Türkiye ile Avrupa Birliği’nin arasındaki ilişkilerin geleceği
ile ilgili tahminlerde bulunmak, hele hele kesin hükümler vermek
kolay değil.
Bu ilişki tahminlerden daha inişli ve çıkışlı bir şekilde devam
etti ve ediyor. Görüşmelerin daha iyi durumda olmasını arzu etsek
de, kısa süreli bir iyileşme beklemek Türkiye gerçeklerine uygun
düşmez.
Herkesin bir hesabı, bir düşüncesi, bir beklentisi olabilir. Ancak hadiseye prensipler bazında bakanlar için günlük tartışmalar çok önemli değildir. Türkiye’nin AB üyesi olması, o yolda ilerlemesi hem milletin hem de devletin menfaatinedir. Son 20 yıl sadece bu gözle incelense bile bu görülebilir. Maddî kalkınma bile AB üyum süreciyle hızlanmadı mı? Türkiye’nin ekonomik ve siyasî bakımdan dünya ile olan irtibatı, AB’nin de desteği ile gelişmedi mi?

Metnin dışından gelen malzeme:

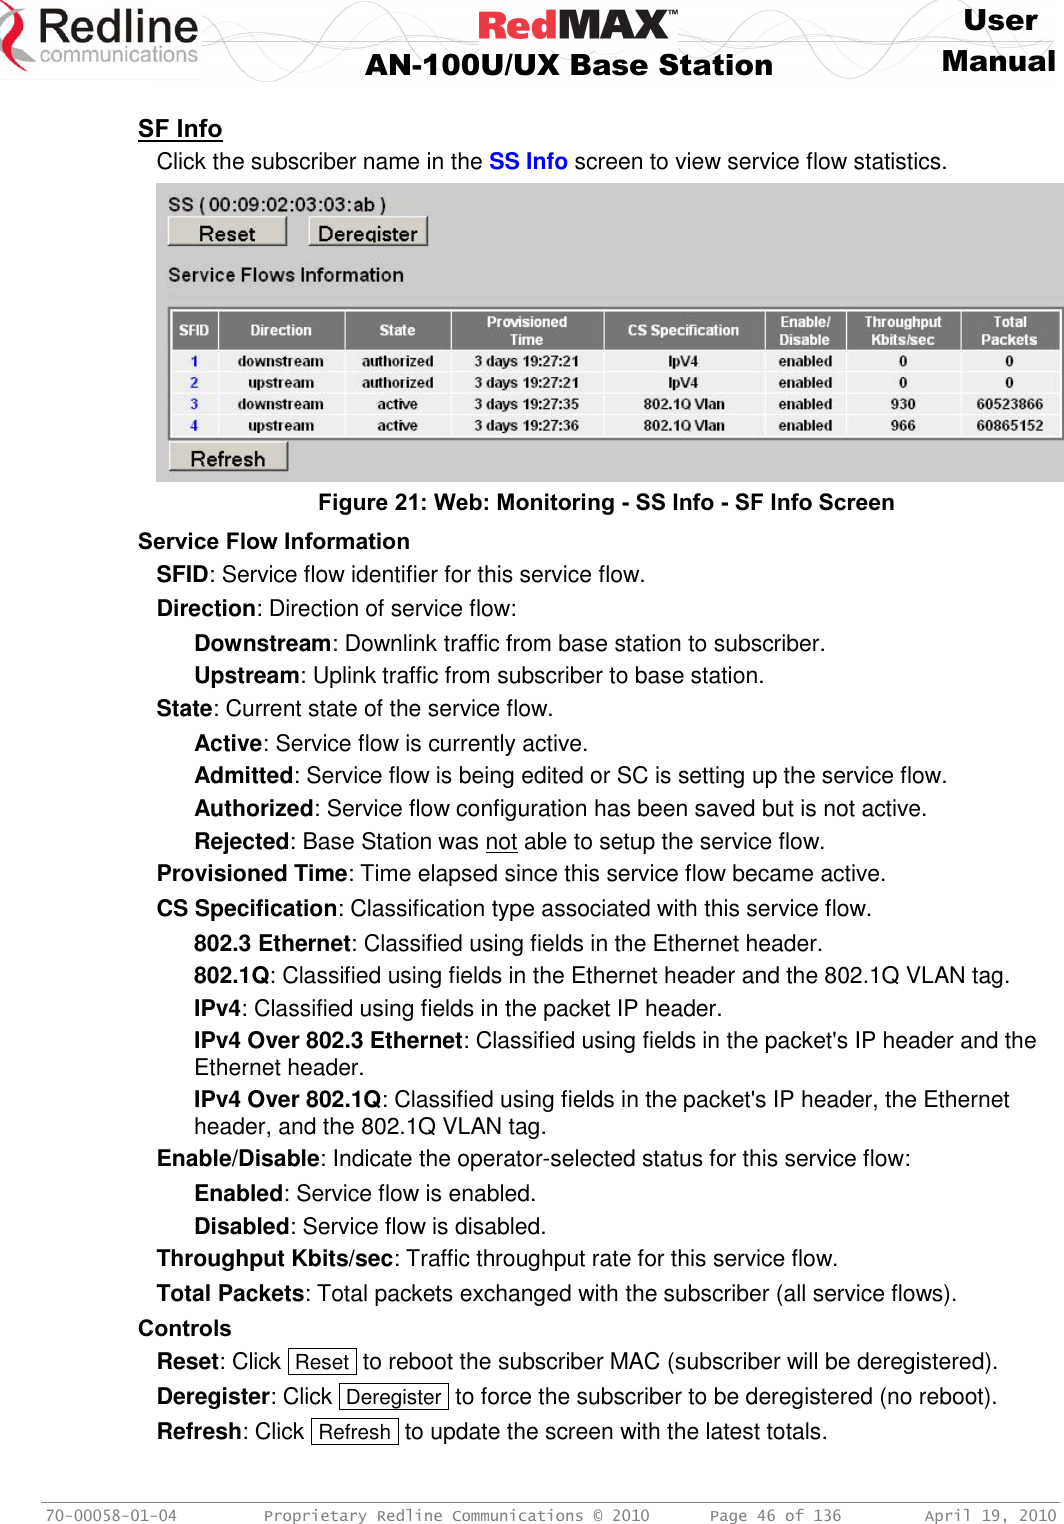     User  AN-100U/UX Base Station Manual   70-00058-01-04  Proprietary Redline Communications © 2010   Page 46 of 136  April 19, 2010  SF Info Click the subscriber name in the SS Info screen to view service flow statistics.  Figure 21: Web: Monitoring - SS Info - SF Info Screen Service Flow Information SFID: Service flow identifier for this service flow. Direction: Direction of service flow: Downstream: Downlink traffic from base station to subscriber. Upstream: Uplink traffic from subscriber to base station. State: Current state of the service flow. Active: Service flow is currently active. Admitted: Service flow is being edited or SC is setting up the service flow. Authorized: Service flow configuration has been saved but is not active. Rejected: Base Station was not able to setup the service flow. Provisioned Time: Time elapsed since this service flow became active. CS Specification: Classification type associated with this service flow. 802.3 Ethernet: Classified using fields in the Ethernet header. 802.1Q: Classified using fields in the Ethernet header and the 802.1Q VLAN tag. IPv4: Classified using fields in the packet IP header. IPv4 Over 802.3 Ethernet: Classified using fields in the packet&apos;s IP header and the Ethernet header. IPv4 Over 802.1Q: Classified using fields in the packet&apos;s IP header, the Ethernet header, and the 802.1Q VLAN tag. Enable/Disable: Indicate the operator-selected status for this service flow: Enabled: Service flow is enabled. Disabled: Service flow is disabled. Throughput Kbits/sec: Traffic throughput rate for this service flow. Total Packets: Total packets exchanged with the subscriber (all service flows). Controls Reset: Click  Reset  to reboot the subscriber MAC (subscriber will be deregistered). Deregister: Click  Deregister  to force the subscriber to be deregistered (no reboot). Refresh: Click  Refresh  to update the screen with the latest totals.

Bu zor, önemli ve bir o kadar tartışmalı konu onlarca toplantının da konusu oluyor. Nitekim İktisadî Kalkınma Vakfı, Sabancı Üniversitesi İstanbul Politikalar Merkezi (IPC) ve Alman Uluslararası ve Güvenlik Enstitüsü (SWP) işbirliğiyle Almanya’da bir toplantı düzenlenmiş ve konu tartışılmış. Üst düzey bürokrat, uzman ve akademisyenlerin katıldığı toplantıda Türkiye ve AB arasındaki görüşmelerin geleceği tartışılmış.